Instructions for the task: In the listing, locate the line containing "Il progetto prevede", then quote it and all following lines exactly. Omit pictures.

Given material:
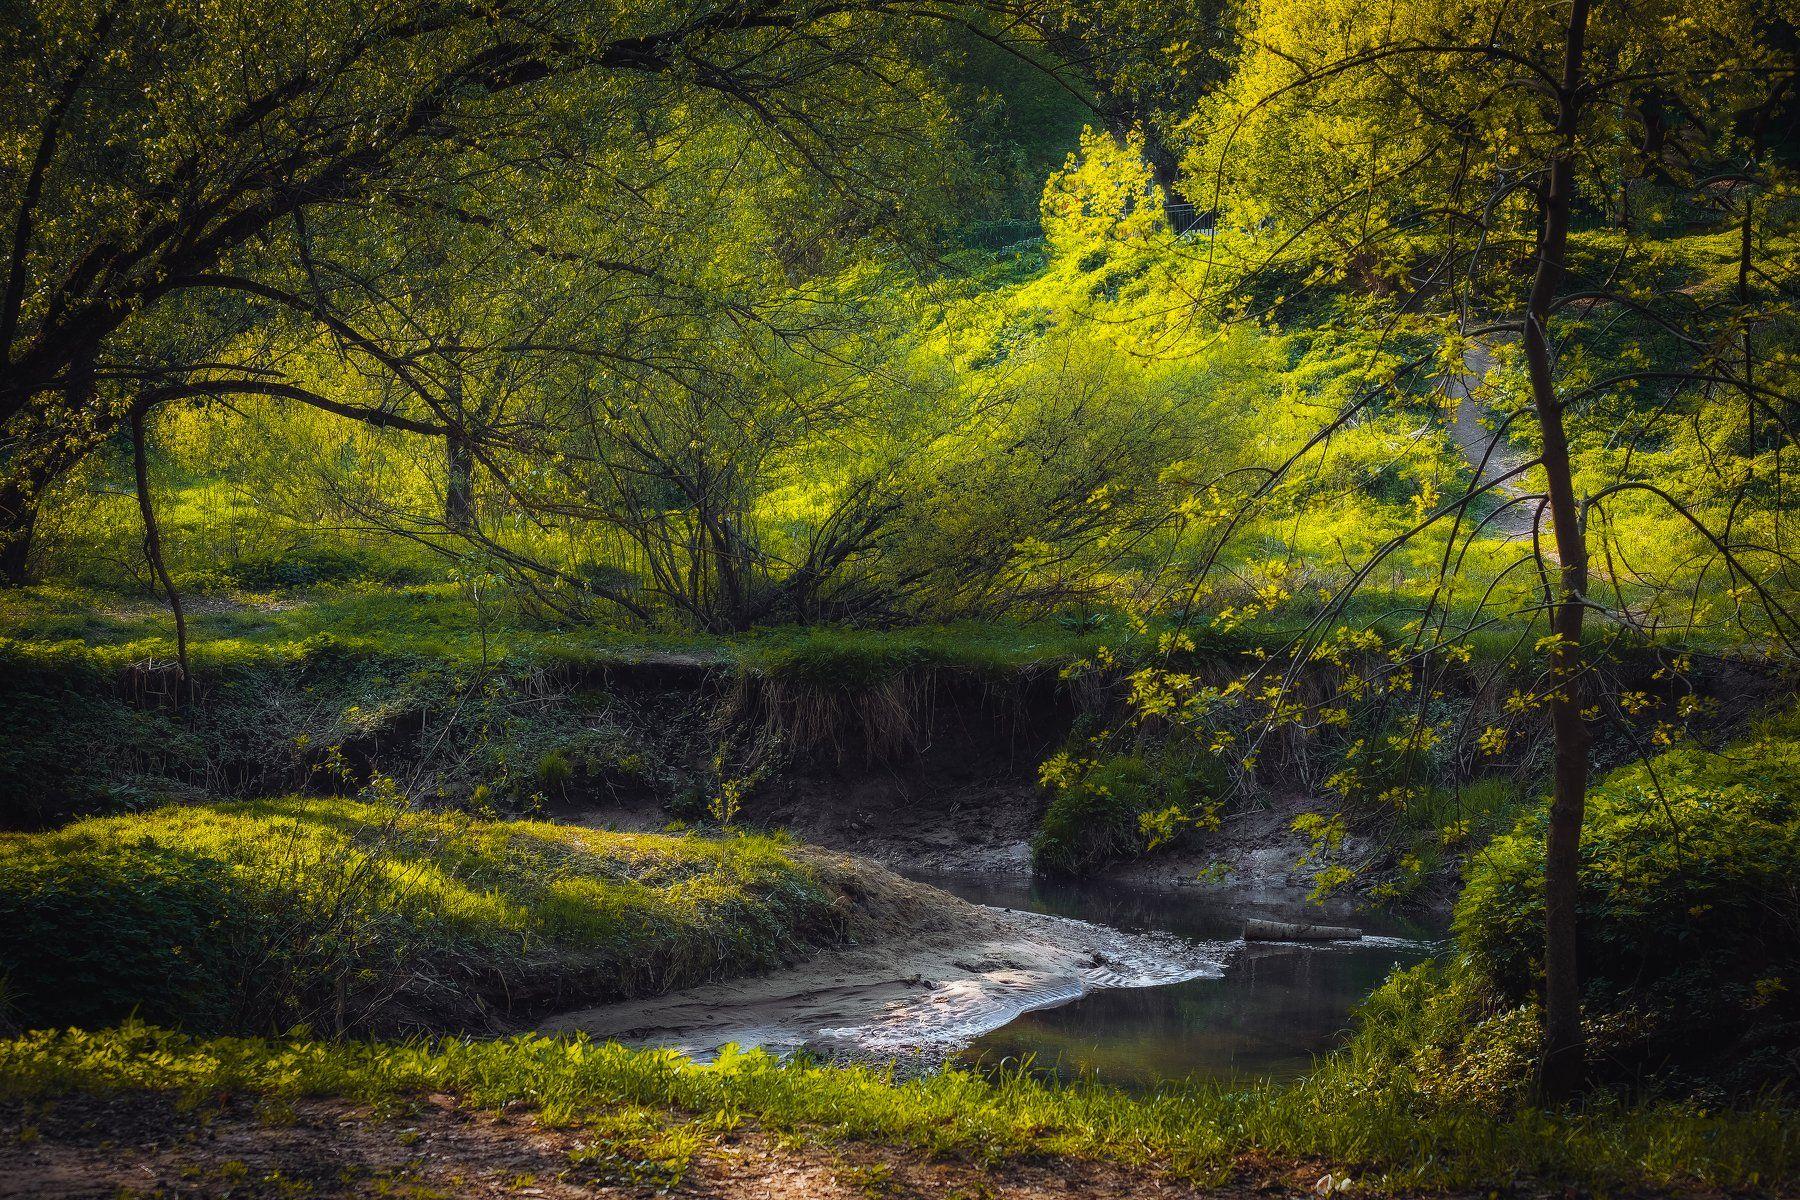 фото, природа, весна, сад, река, Екатерина
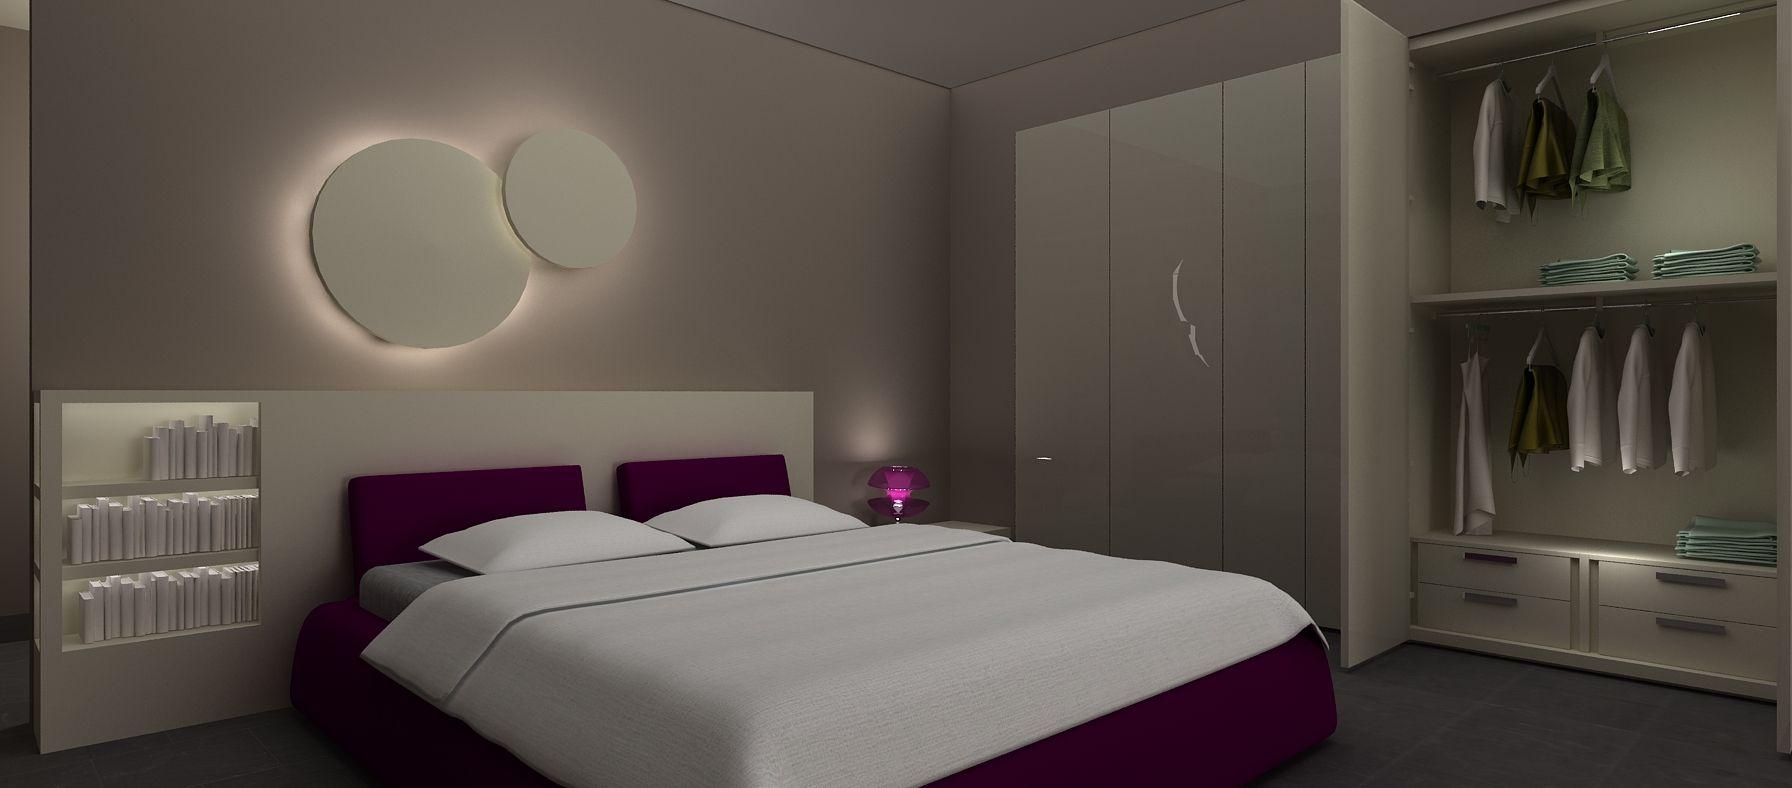 Il progetto prevede una sorta di parate attrezzata in - Cartongesso stanza da letto ...
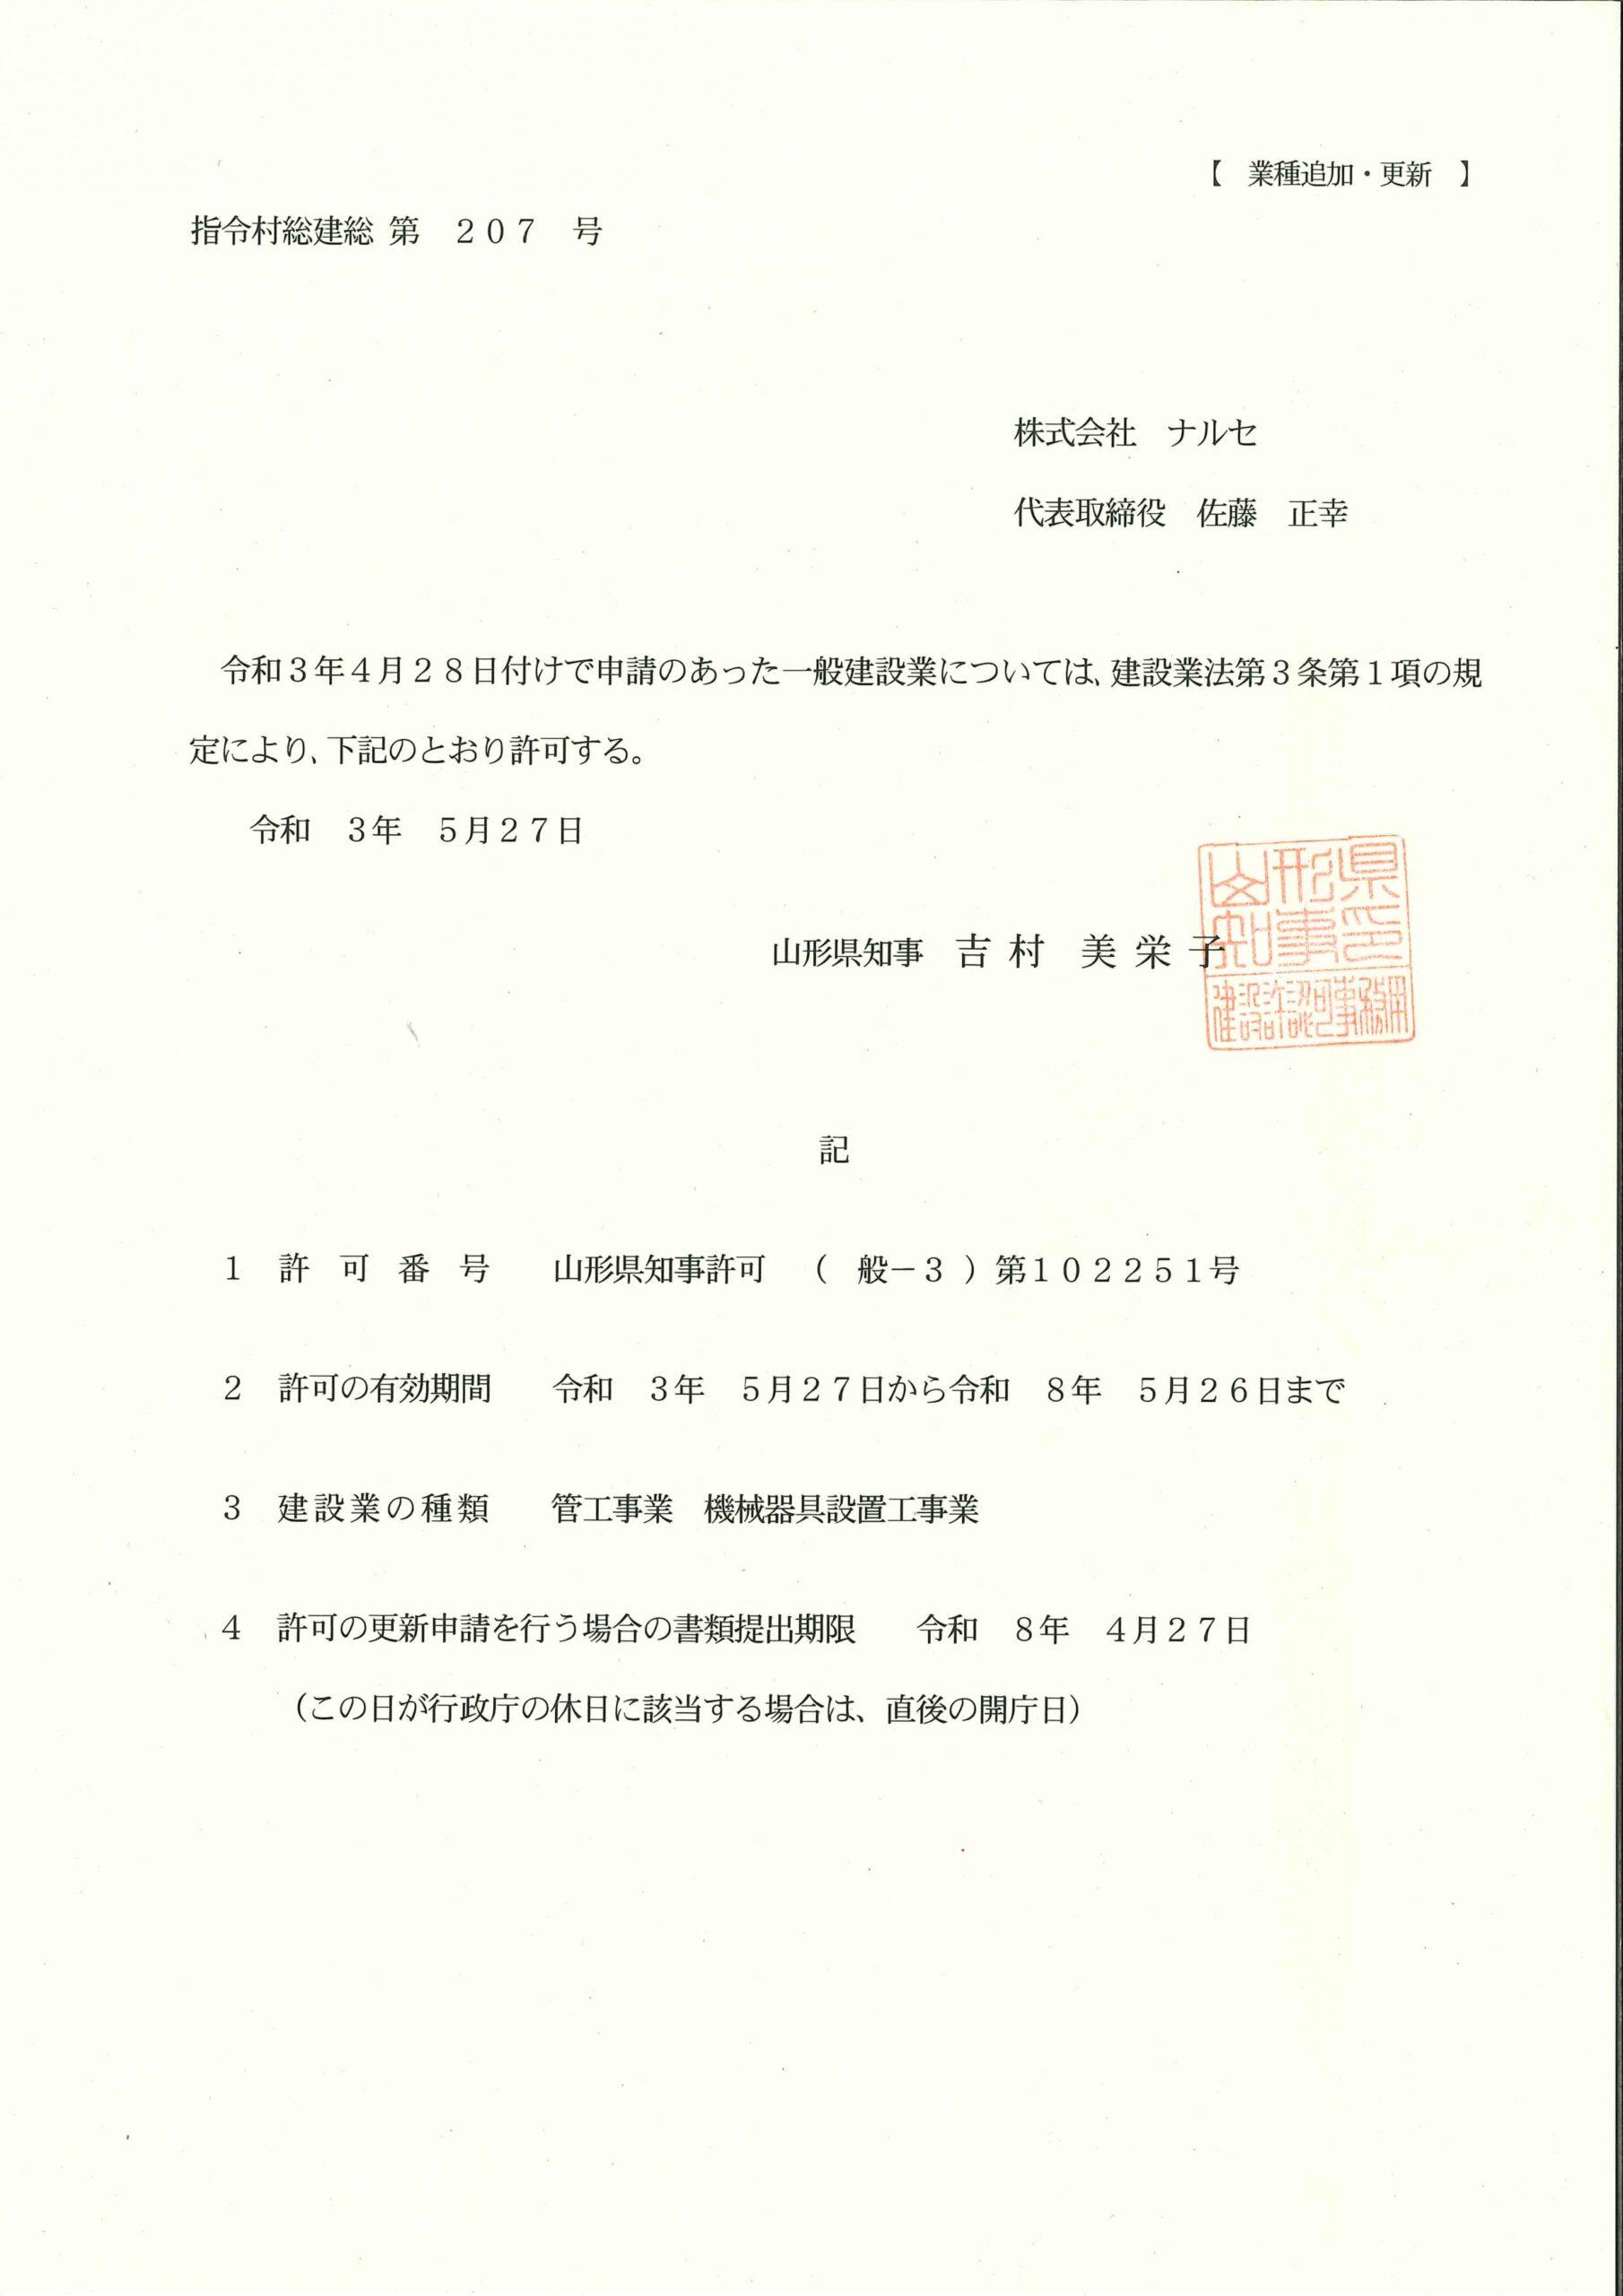 建設業許可(管工事業 機械器具設置工事業) 山形県知事許可(般-3)第102251号

Problem solution:
 Il progetto prevede una sorta di parate attrezzata in - Cartongesso stanza da letto ...
 建設業許可(管工事業 機械器具設置工事業) 山形県知事許可(般-3)第102251号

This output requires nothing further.